Ask anyone, ask the staff (if you can catch them): The first lap of Ikea is truly very magical. Not only do you get to choose your dreams from a showroom of infinite potential, you also get the great privilege of assembling those dreams with an allen key.
So too will other Adulty-things become less and less fun the more you have to do (and pay for) them.
Did you know that when they give you the keys to the house they do not also give you WiFi? Or a mop?
The weird discount internet company will not care about you nearly as much as your parents did, when they paid for and troubleshooted the internet all your life. And the mop thing is just a daily battle between how much you can tolerate sticky jam stains versus how much you don’t want to ride back from the shops with a mop under your arm, as if you’re on your way to a very shit, low-fi joust.

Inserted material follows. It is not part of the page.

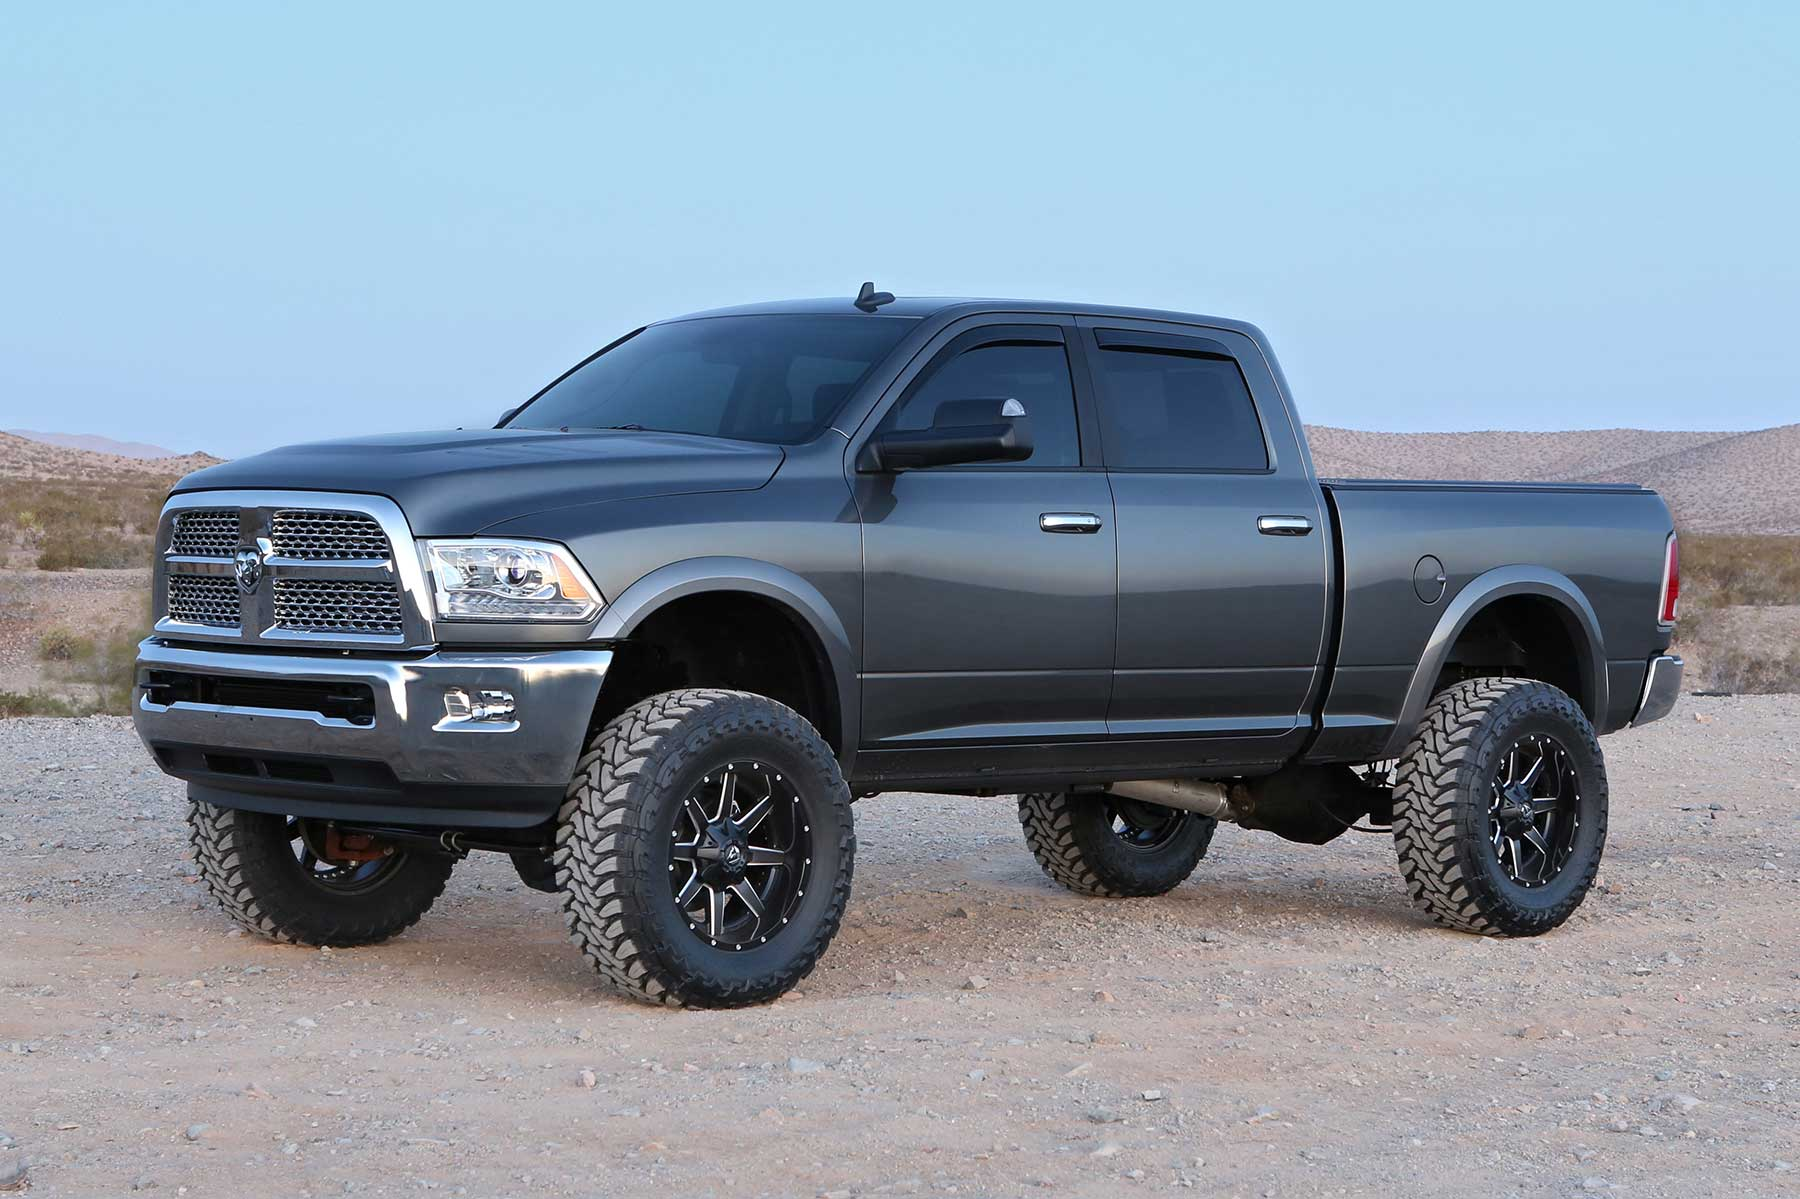 6 Inch Lift Kit For Dodge Ram 1500 4wd >> 6 Long Arm System W Performance Shocks K3035 Fabtech

The flickering light at the end of the lonely tunnel of self-reliance, though, is that getting the internet to work or paying the first gas bill or identifying the source of the smell in the cupboard as some very old onions can be genuinely euphoric. So is finding shit but usable furniture on the side of the road. So is the council picking up your overflowing recycling bin. So is doing a three-point turn to get around an inner west roundabout in the hire van, then smashing the back of the van into a letterbox.
And one unexceptional day after a few weeks, once you’re used to the rent and (most of) your stuff is in the wardrobe and you use the right keys to open the right door, you will say, ‘I’m going home,’ without any disclaimers.